Il boom di voucher lavoro ad inizio 2016 è spiegato, parzialmente, dagli abusi e l’uso improprio di questo metodo di pagamento. Il sistema infatti, nato per il lavoro accessorio e a chiamata, diviene purtroppo troppo spesso causa del nuovo precariato. Proprio per arginare questa piaga Ministero del lavoro, Inps e Inail si sono impegnati ad istituire un osservatorio permanente sui voucher. Il Ministero del lavoro ha già anticipato che ogni irregolarità sarà repressa e sanzionata.
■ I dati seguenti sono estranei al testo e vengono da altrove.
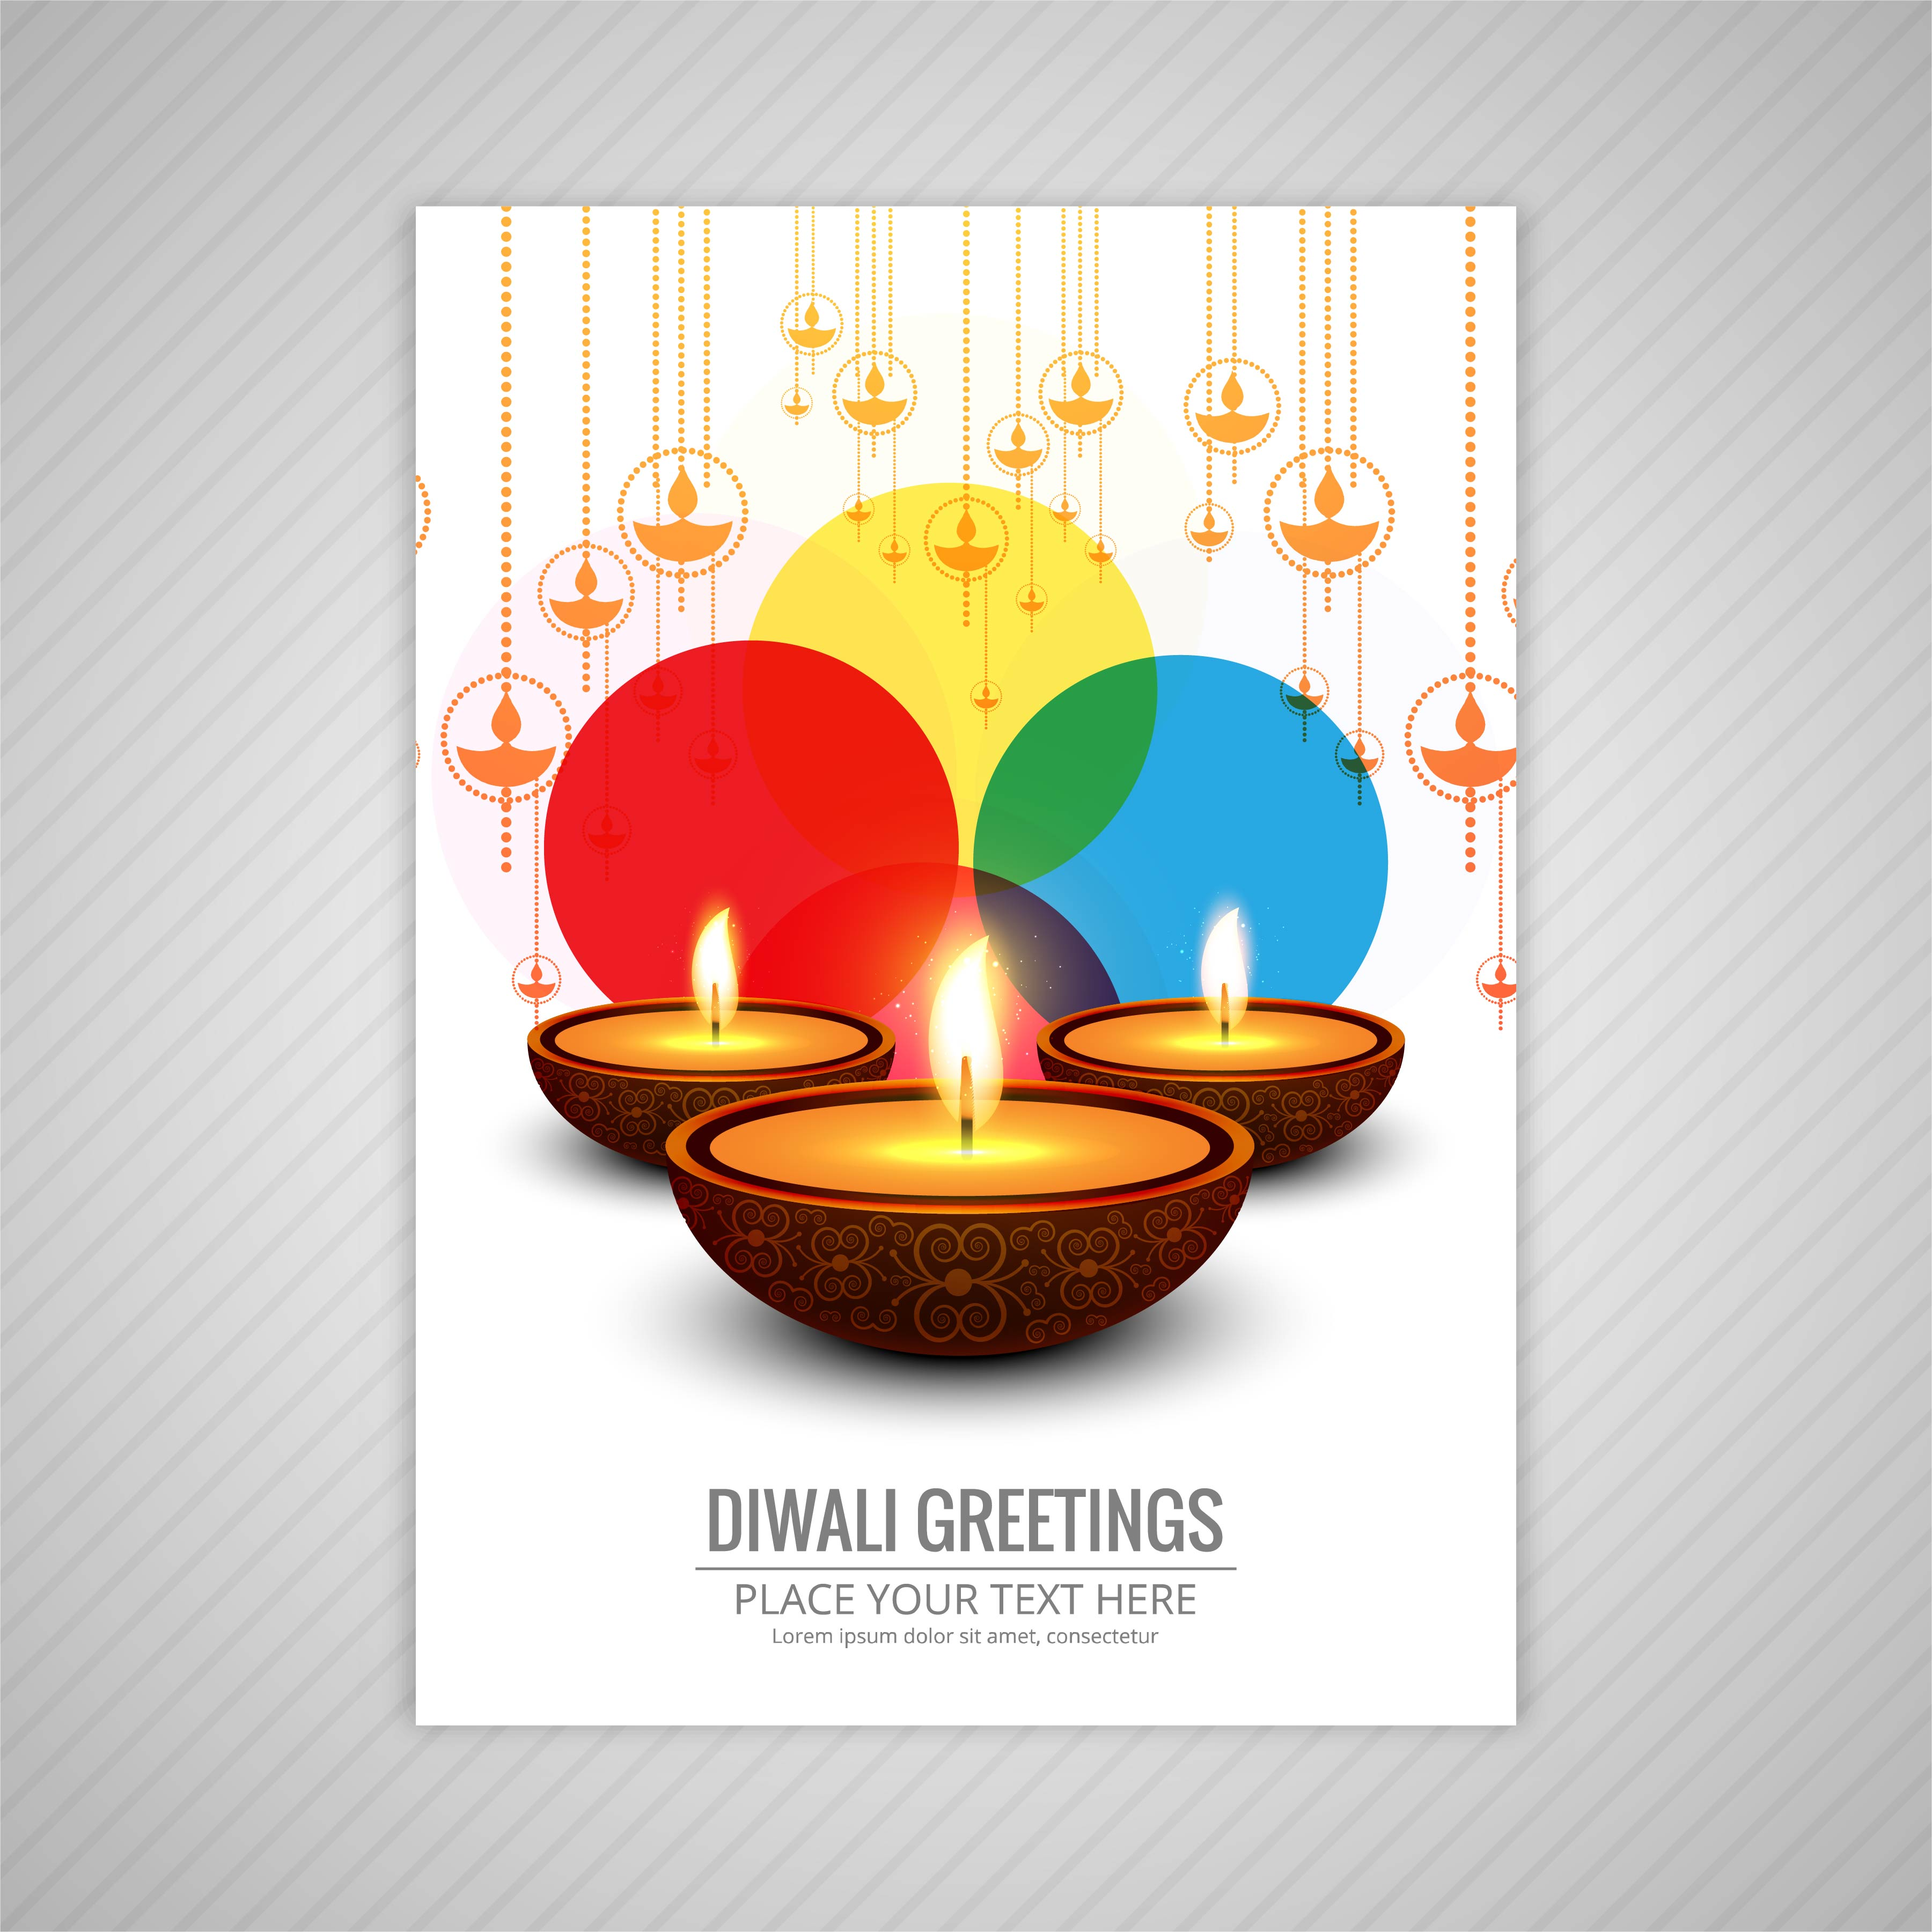 decorative diwali greeting card template design  download
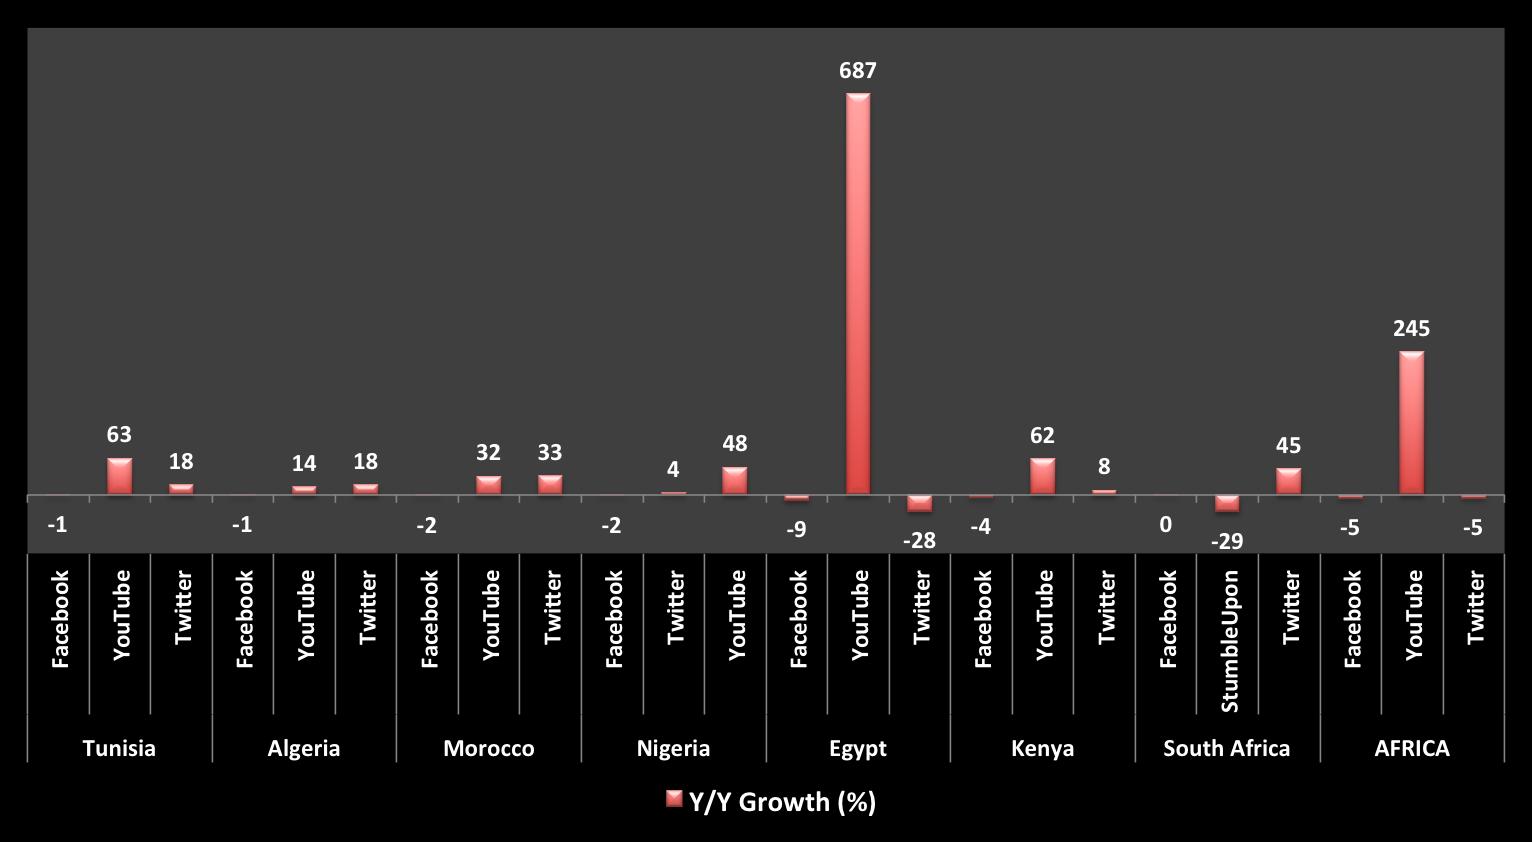 Year_on_Year Growths

Voucher lavoro: controllerà l’Osservatorio

La questione è stata oggetto dell’interrogazione presentata dal deputato riminese del PD Tiziano Arlotti, il quale ha puntato il dito proprio contro l’uso improprio dei voucher Inps che ha snaturato la ratio dello strumento di pagamento (ovvero far emergere il nero) contribuendo paradossalmente ad accrescere il precariato, soprattutto in alcuni settore cruciali come il turismo.   Non stupisce in quest’ottica che l’(ab-)uso di voucher abbia fatto registrare un boom proprio nelle regioni in cui il turismo rappresenta parte integrante dell’economia. Tra queste, ad esempio l’Emilia Romagna in cui si è passati dall’8% del 2012 (211.859) al 15,7% del primo semestre 2015 (1.003.272). Ma i furbetti dei voucher lavoro vivranno tempi più duri: compito dell’Osservatorio, per la cui realizzazione è già in essere un coordinamento informativo tra Inail, Inps e governo, sarà proprio quello di analizzare le banche dati per “reprimere l’uso improprio di tale strumento”. In particolare saranno esaminati gli andamenti “delle prestazioni di carattere previdenziale e delle relative entrate contributive conseguenti allo sviluppo delle attività di lavoro accessorio, anche al fine di formulare proposte per adeguamenti normativi delle disposizioni vigenti”.